▸ **What is required**: Please write out the whole listing that follows exactly; the pictures stay out.

▸ **Collected material**:
[Start of section]

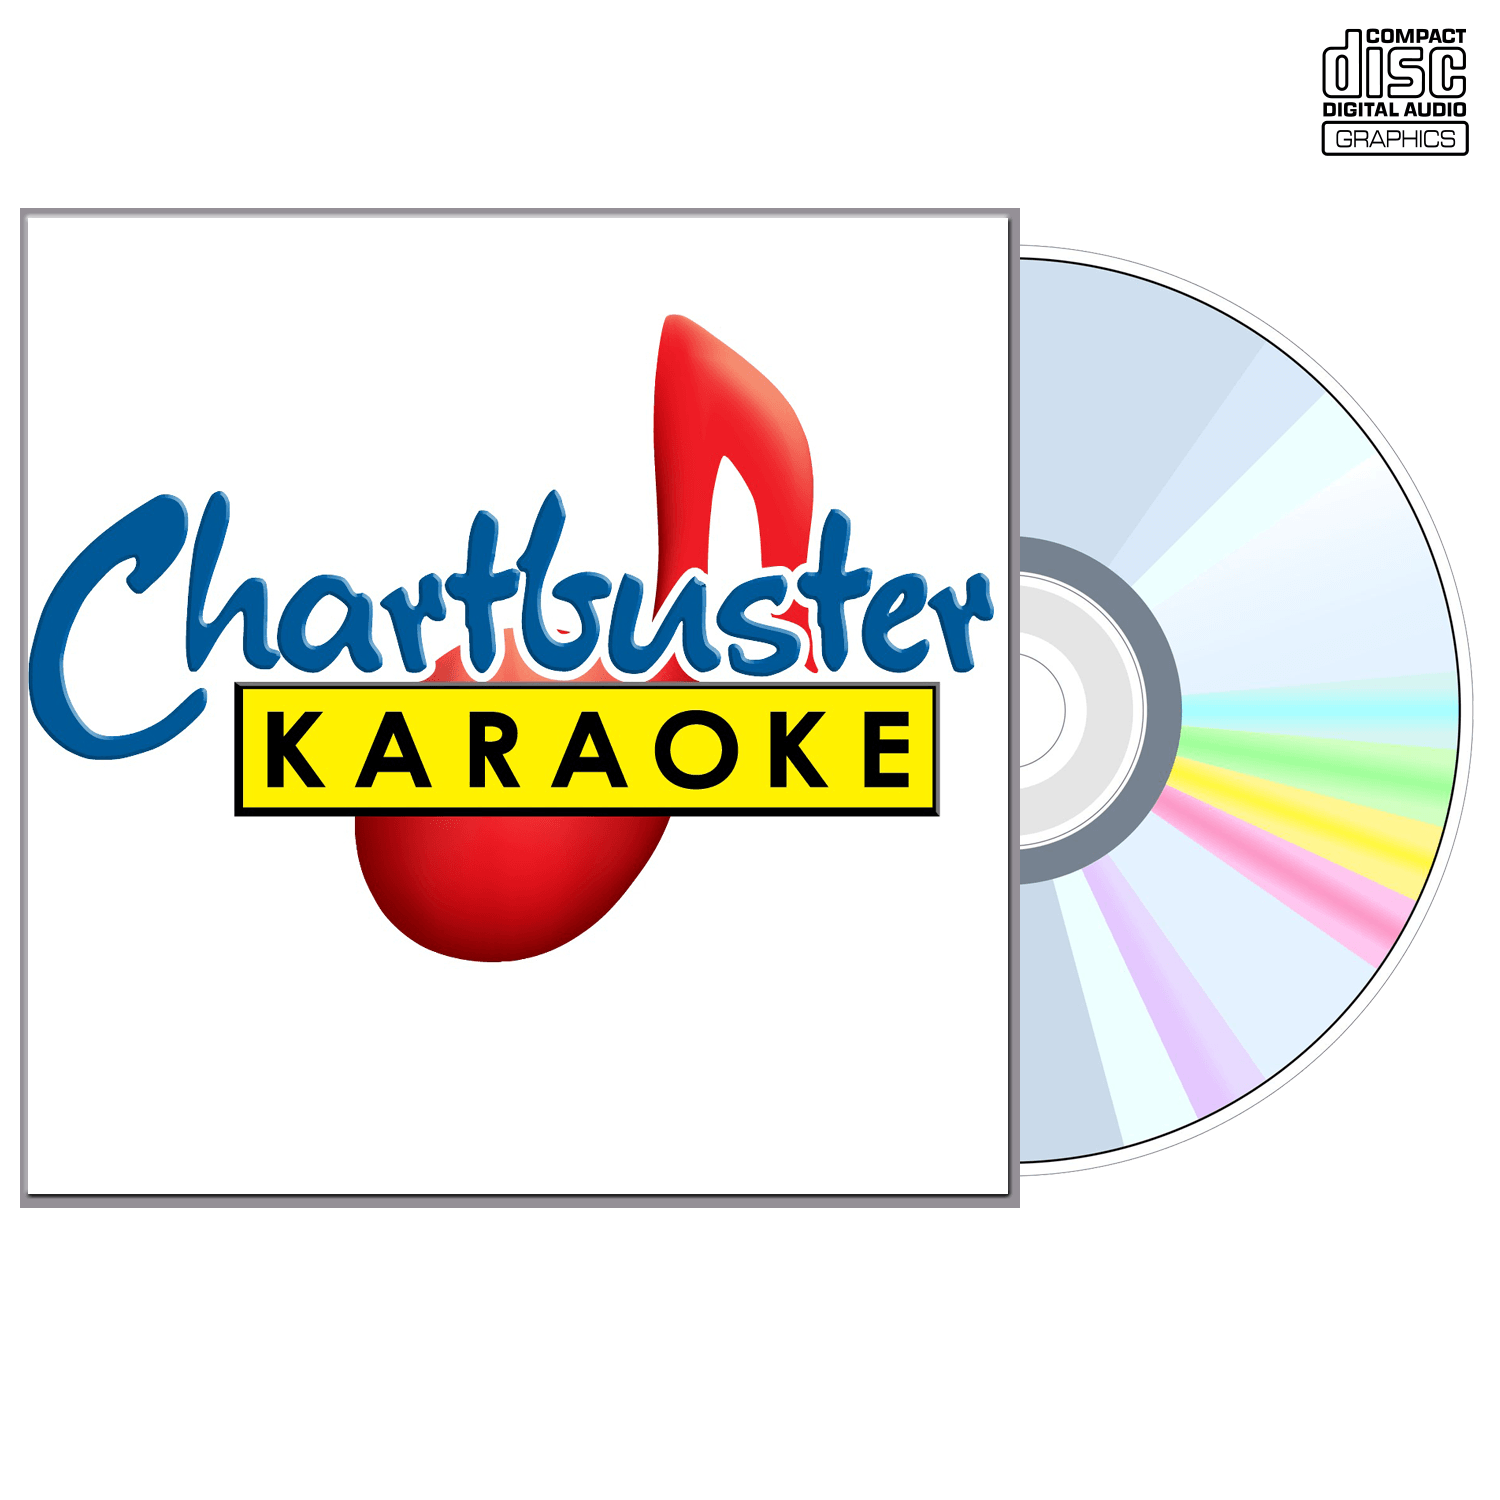 Green Day - CD+G - Chartbuster Karaoke - Karaoke Home Entertainment
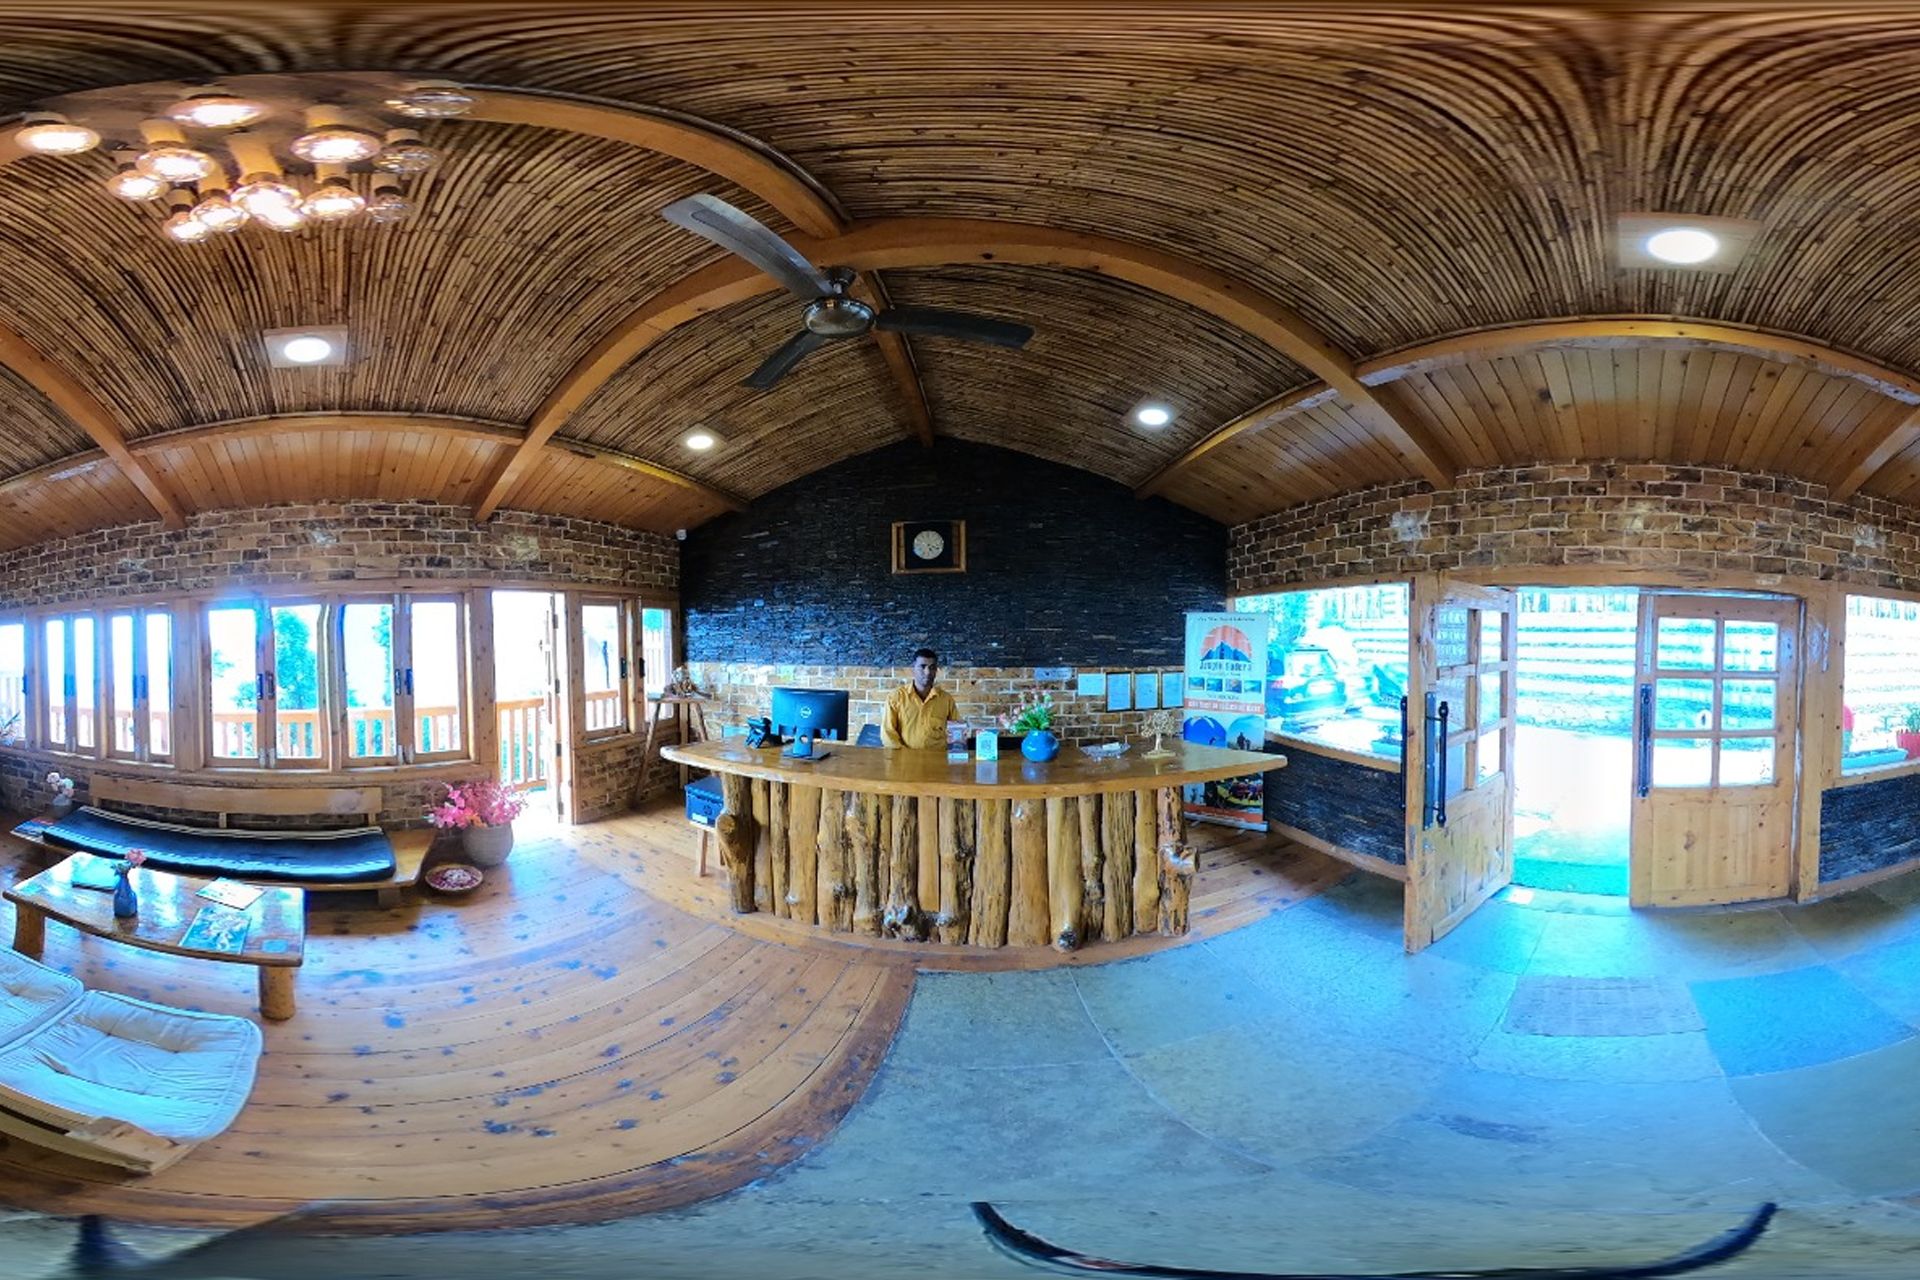 360° Virtual Tour of The Peru Resort
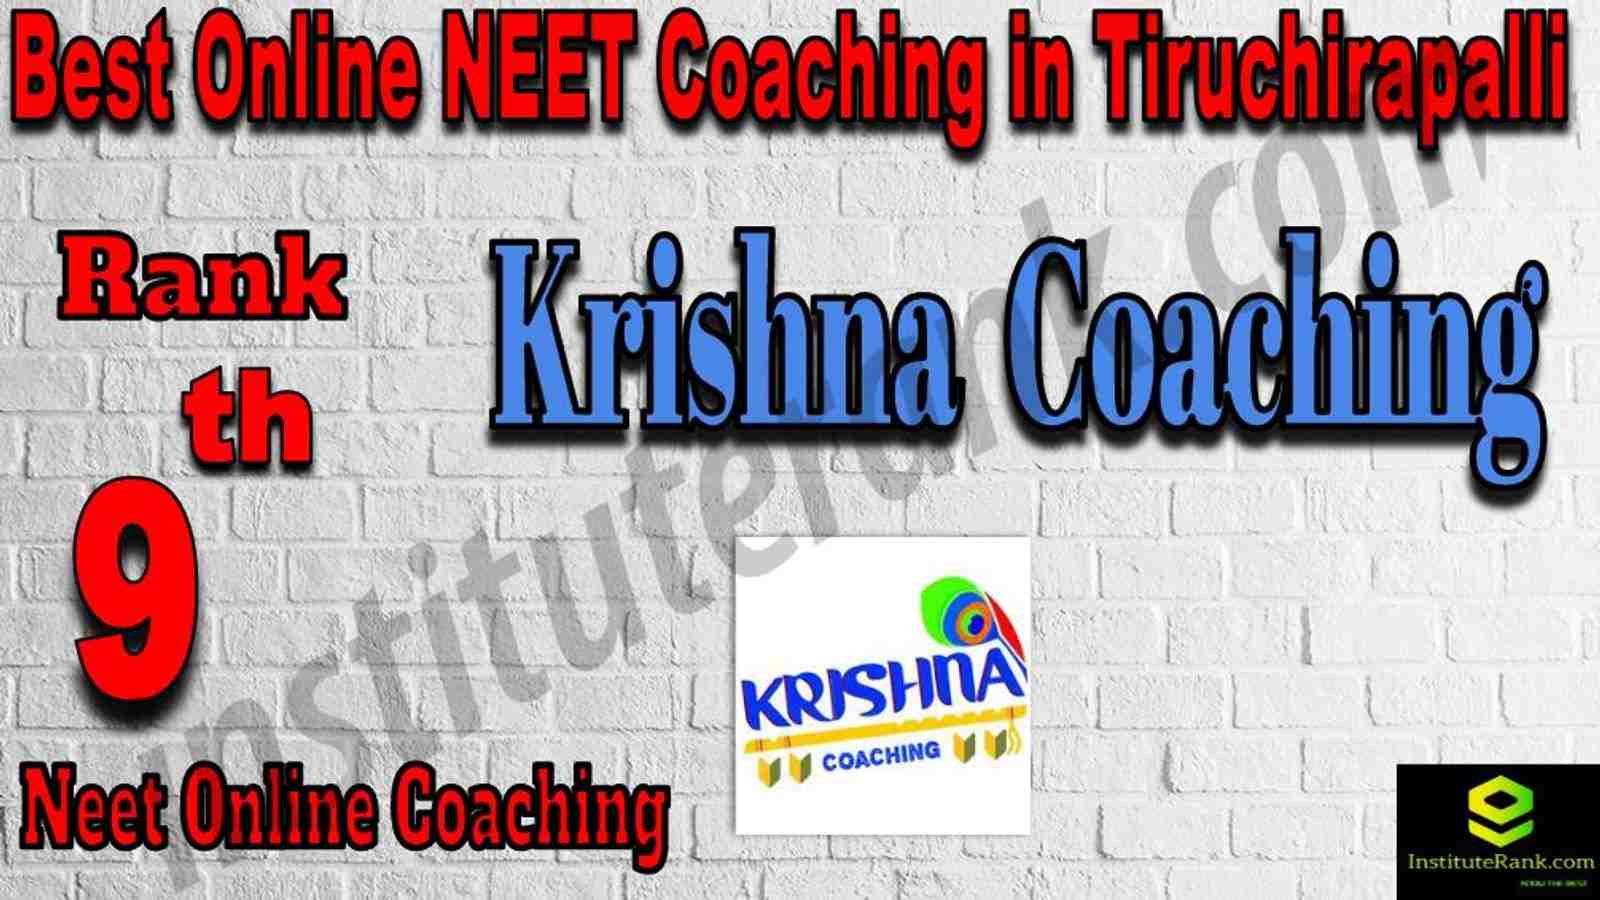 9th Best Online Neet Coaching in Tiruchirapalli

[End of section]

▸ **Output for this task**:
 Green Day - CD+G - Chartbuster Karaoke - Karaoke Home Entertainment
 360° Virtual Tour of The Peru Resort
 9th Best Online Neet Coaching in Tiruchirapalli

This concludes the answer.